In these much more frequently occurring moments, when Ryan checks in, I feel like I have slipped through a crack in the wall, the wall that autism built, the wall that so often surrounds my beautiful boy. I pray that with each crack, the wall will crumble just a little bit more, allowing my son to have the confidence to show me, and others, the young man who is often obscured by the protective wall that he feels is so necessary in order to keep himself safe. And even though I try not to question why the cracked form, or how many more cracks will appear, I can't help but wonder how long I have until Ryan realizes the crack is there and quickly seals it closed, checking back out, until next time.

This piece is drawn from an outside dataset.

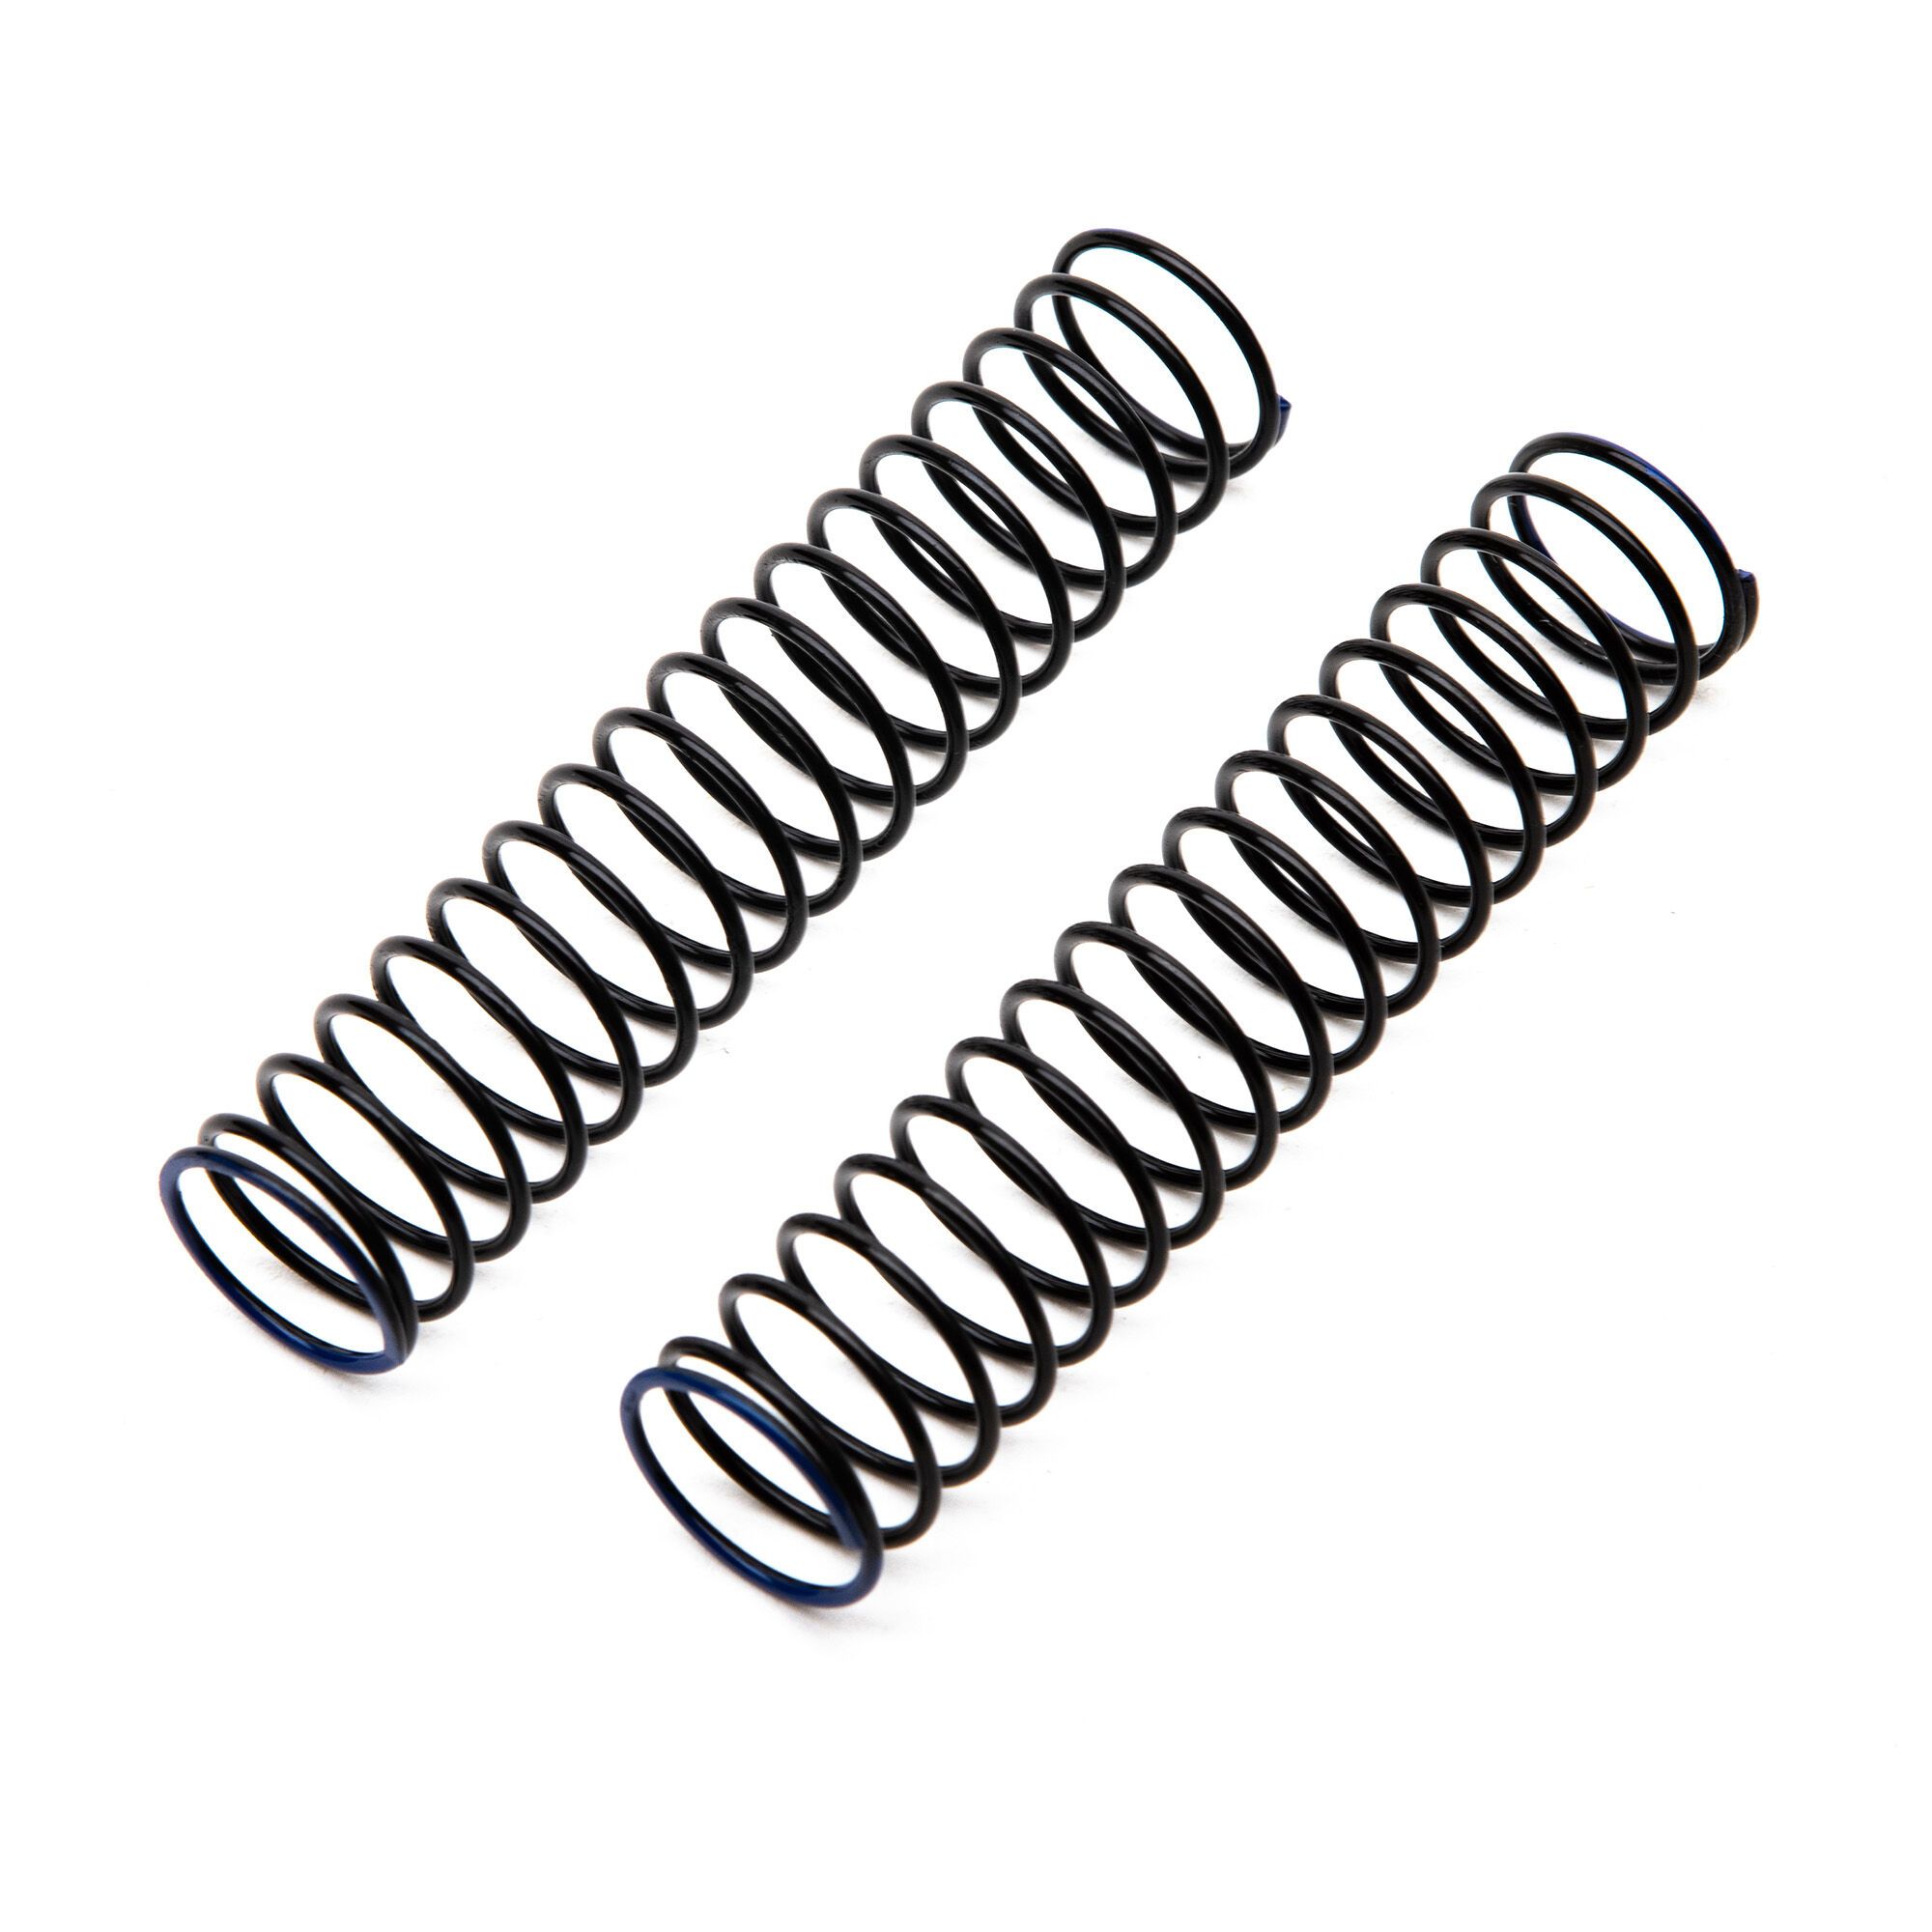 Axial Spring, 15x85mm 1.95lbs/in Purple (2) Z-AXI333001

Last week we attended a party, and Ryan took off his coat and checked in, and let others through the crack. Friends who had not seen him in awhile, looked at me in AWE with amazed smiles, and for once, it was not Ryan who was speechless. Their words were not necessary. I knew what they saw, I knew what they felt. Ryan was smiling in playful in a loud, chaotic party environment. Ryan made eye contact, he shook hands, he gave hugs, he remembered people's names. He checked in and did not check out for the entire party. I was as amazed as my friends.

I think the wall that autism has built will always be visible to some, but, for those folks willing to find the cracks, they will get to see what is behind the wall and believe me, it is a beautiful sight.

Like I said, I don't know why the check in occurs, or what makes Ryan want to just as quickly check out. It is just one of the mysteries of autism. Wasting time wondering what made Ryan chose today to check in and trying to get him to extend his stay means I am missing the time that he is "there". 

When we get to our hotel for Kyle's college visit, I will fully appreciate Ryan's joy at check in. I will be grateful that he can handle the disruption of his routine and enjoy time with his family because for many families, that is not the case. I will watch his smile as he uses the hotel key to gain entrance to our room and takes in the surroundings as he claims his spot. In addition to Ryan's joy, I will also have a full appreciation for the desk clerk knowing how much better her day is when guests check in with a smile, eye contact and a presence that let's them know, they are indeed "there".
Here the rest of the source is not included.